这边,郁夜被大浪抛到了浅岸,完全来不及思索,又踩着踏歌朝湖中心飞去。
临进漩涡中心,风浪的吸力巨大,根本站不稳,他干脆收回踏歌,一头猛扎进水里!
郁夜指凝灵流照明,可水底实在太黑了,什么也看不清。他只好放任自己落到湖底,伸手摸了摸,只摸到一手泥沙。

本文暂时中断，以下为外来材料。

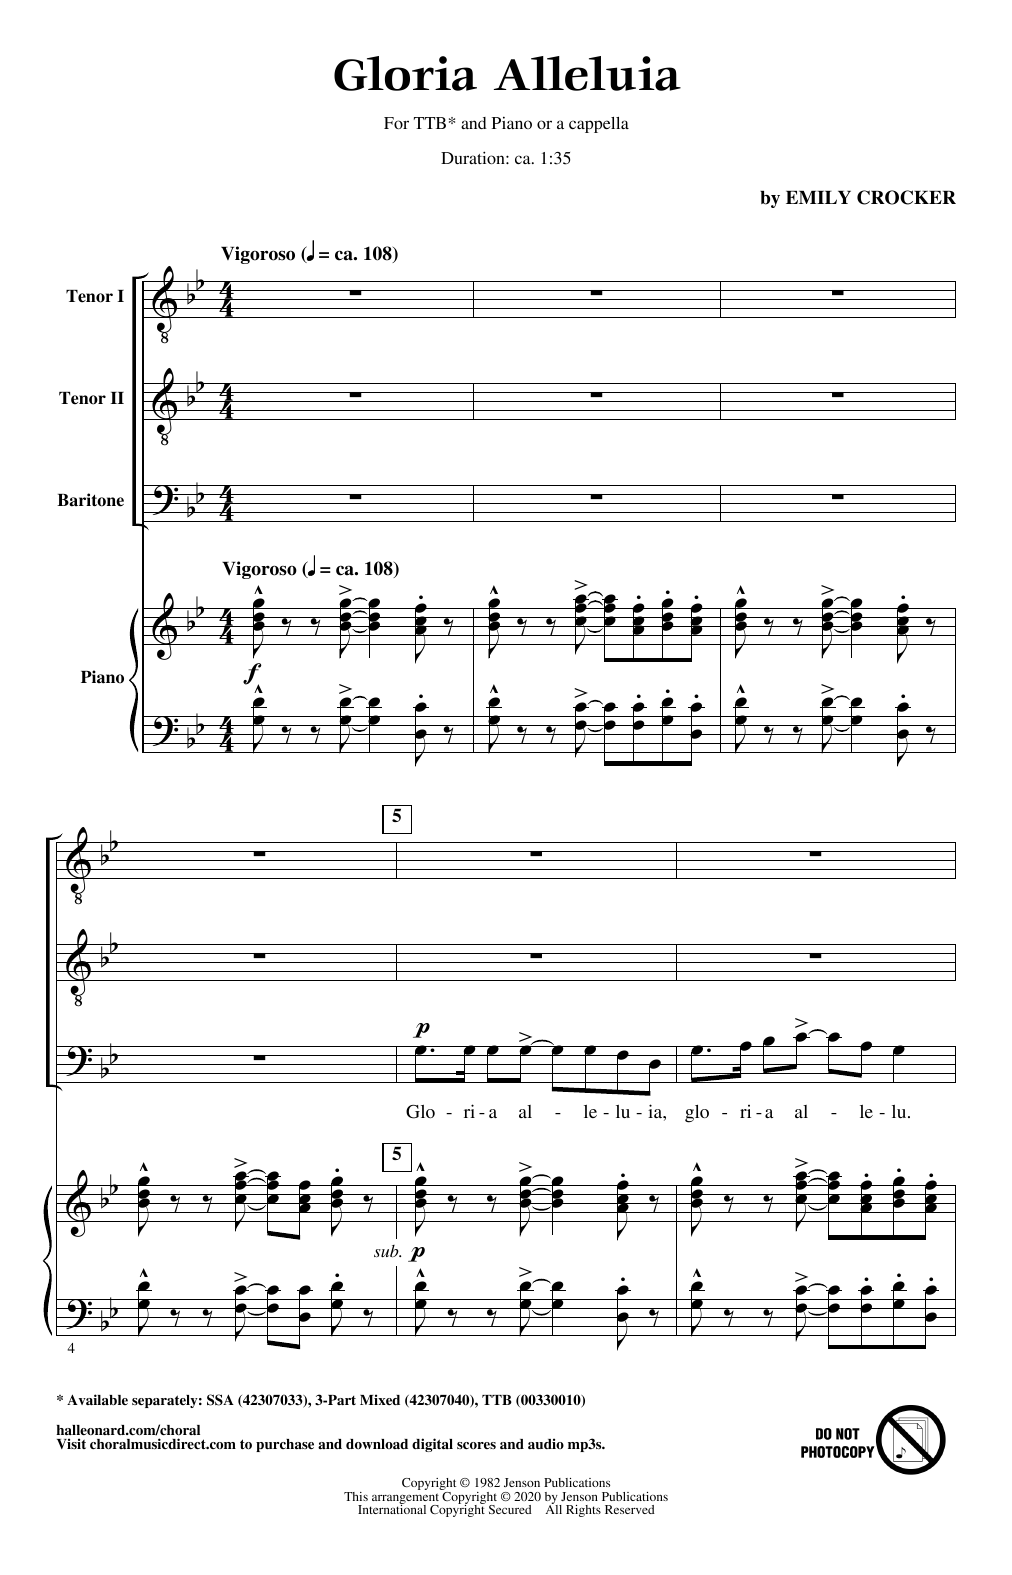 Emily Crocker Gloria Alleluia Sheet Music Notes & Chords for SSA Choir - Download or Print PDF

他紧张到快要窒息了,在水里不停转身,不知该走向何方。
随着时间越来越长,他的心一点点往下沉,绝望漫了上来。识海里一句又一句的呼喊,得不到那人半点回音。
郁夜浮上湖面,一阵风吹来,他听见树叶沙沙作响的声音,又好似听见了远古黄钟大吕的长呤。
他忽然觉得好冷,不由自主地颤抖起来......
这时,一个东西撞在了他的后背——
人死了,是会浮上来的。
陈无宁轻闭着眼,像睡着了一般,只是他的七窍都在流血,血从眼口鼻耳流下,从心口流下,从小腹流下,已是面目全非。

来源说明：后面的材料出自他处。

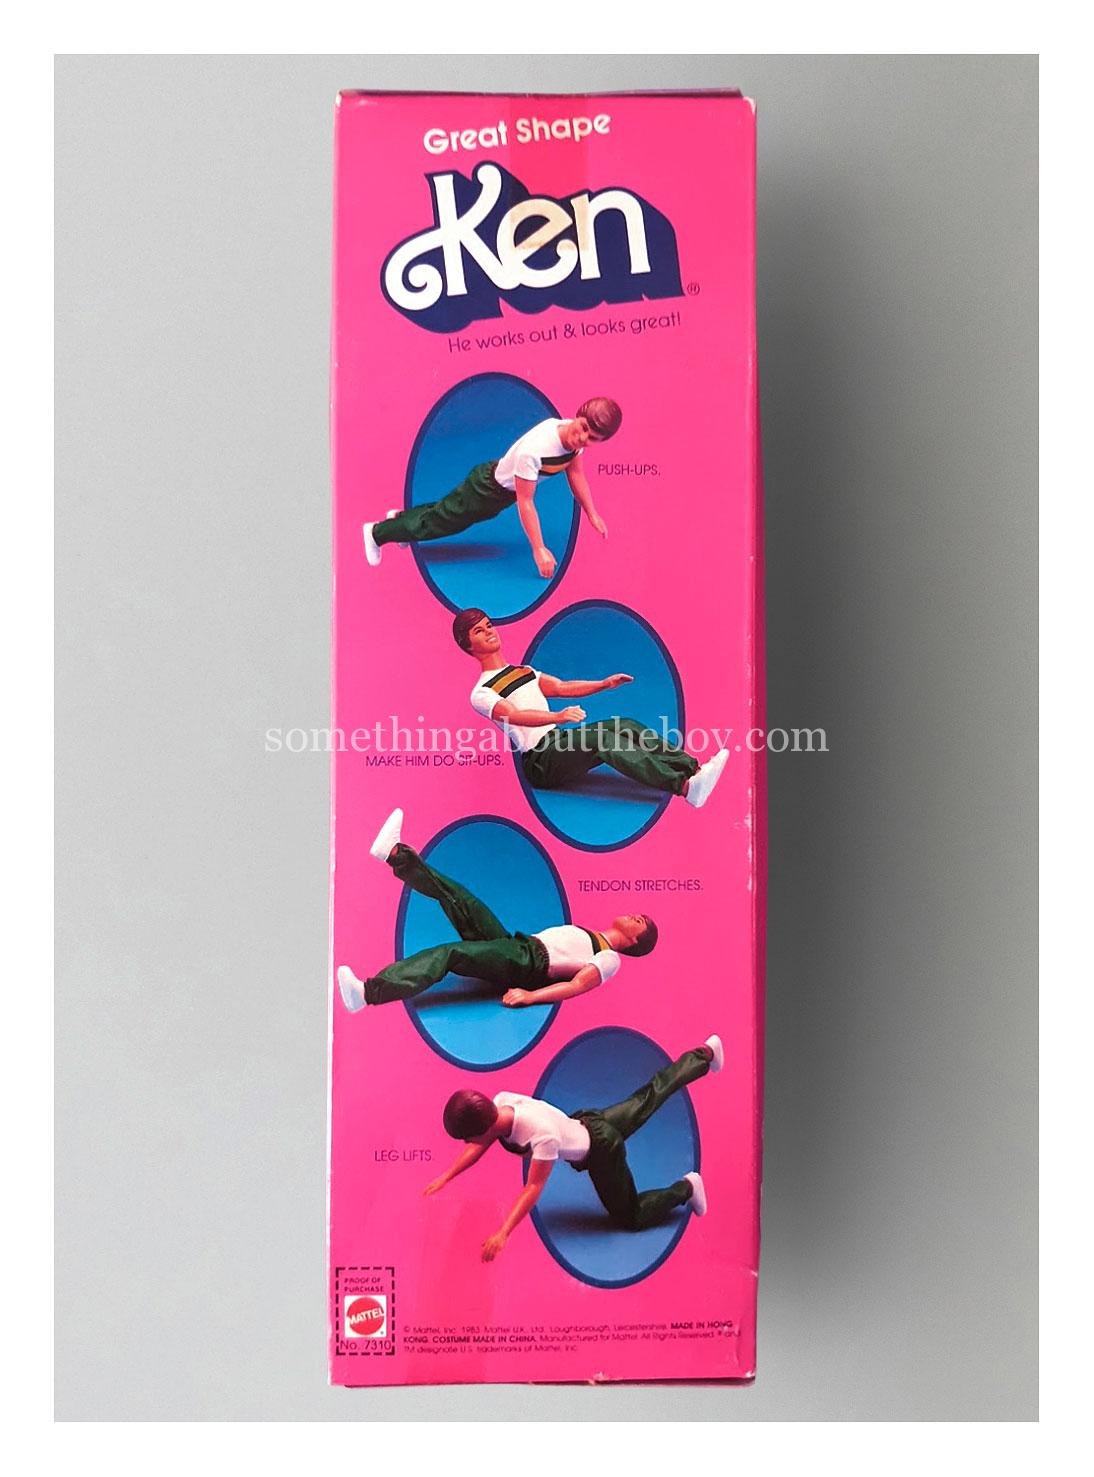 1984 #7310 Great Shape Ken (British version) packaging

郁夜不知道陈无宁今日是怎么了,他平时总爱穿些五颜六色的衣裳,今日却和自己一样,穿着一身白袍。
陈无宁的血止不住地流,郁夜两只手灌满灵流,想要堵住他身上各处的伤口,可血仍旧从指缝间不断渗出。
郁夜只好用衣袖替他擦拭脸上的血,一边擦,一边嘀咕:“都这么大的人了,怎么还这样邋遢。”
“瞧你弄的这一身,真是的。”
没人接他的话,不知过了多久,陈无宁身体里的血终于流干净了。郁夜的指缝变得无比粘稠,他不错眼地盯着自己的血手掌,嘴里泛起铁锈味的苦涩。

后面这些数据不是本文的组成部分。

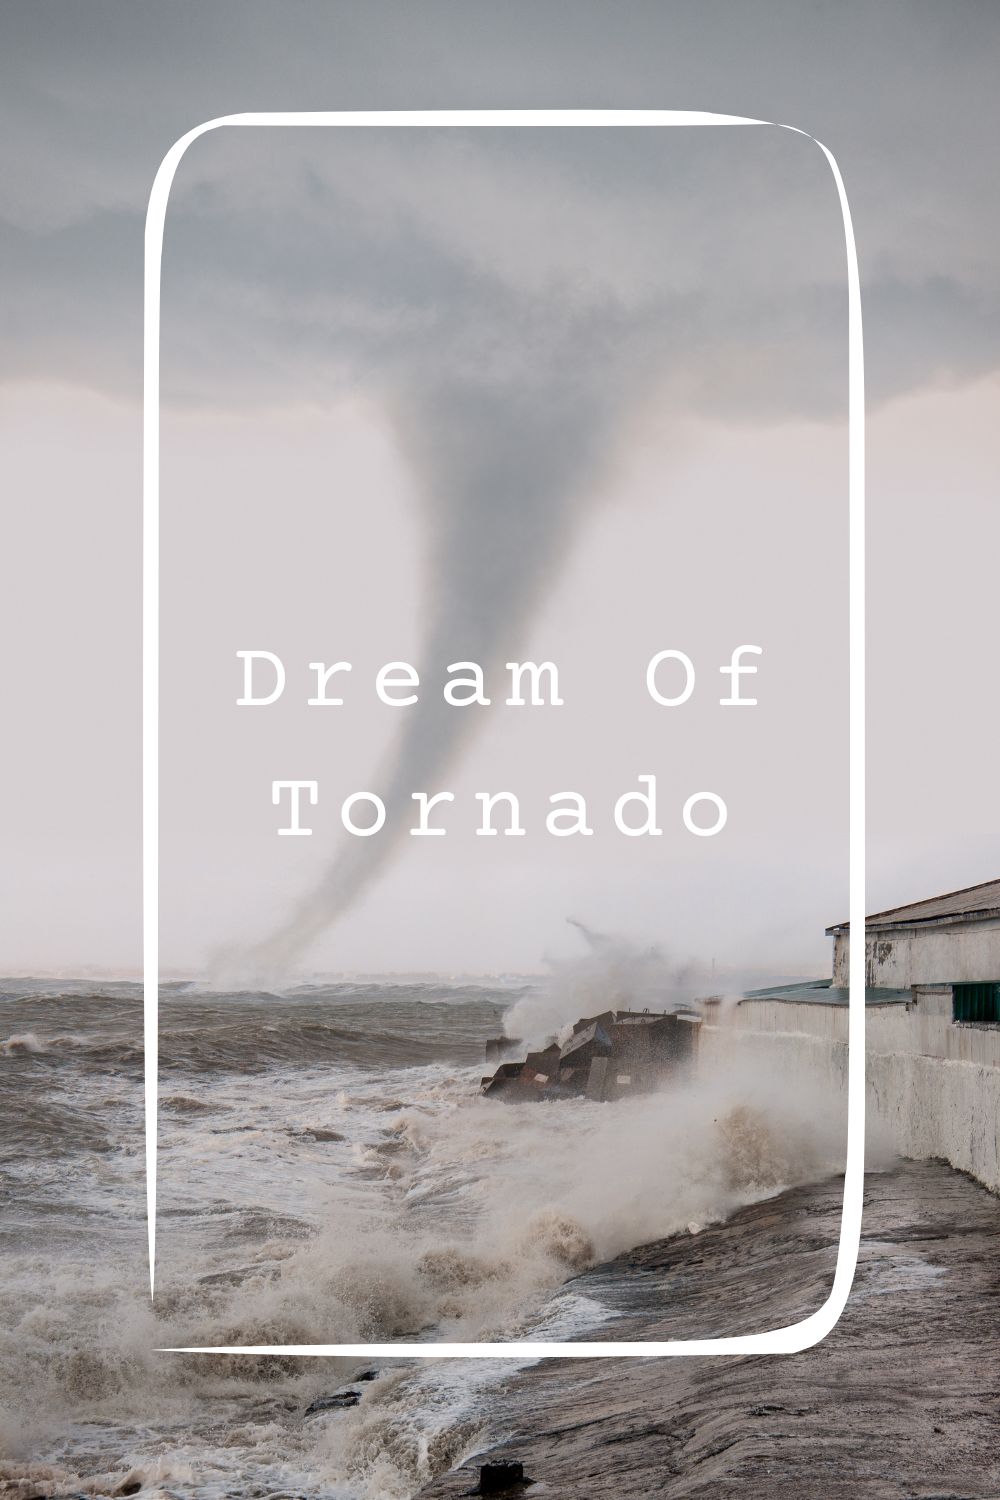 Dream Of Tornado Meanings 2

踏歌在水里泡了太久,终于支撑不住,强行带着他俩飞回岸上。
郁夜被风吹得打了个寒颤,呆呆地将已经没了活气的陈无宁轻放在地,他张了张嘴,极轻声地抱怨:“岸上比水里还冷,陈无宁,你也好冷,都不暖和了。”
“你先睡着,我去生个火。”
说罢,他轻轻拍了拍陈无宁的肩膀,走到树下,一根根地捡柴禾。
火堆生起来了,火苗蹿动着,郁夜的手脚恢复了些知觉。
星夜,万籁俱寂,唯有蝉鸣与蛙呤不绝于耳。他偏头看了一眼陈无宁,有点灼人,于是拿了根棍子挑挑火堆,溅起几颗小火星,又很晃眼。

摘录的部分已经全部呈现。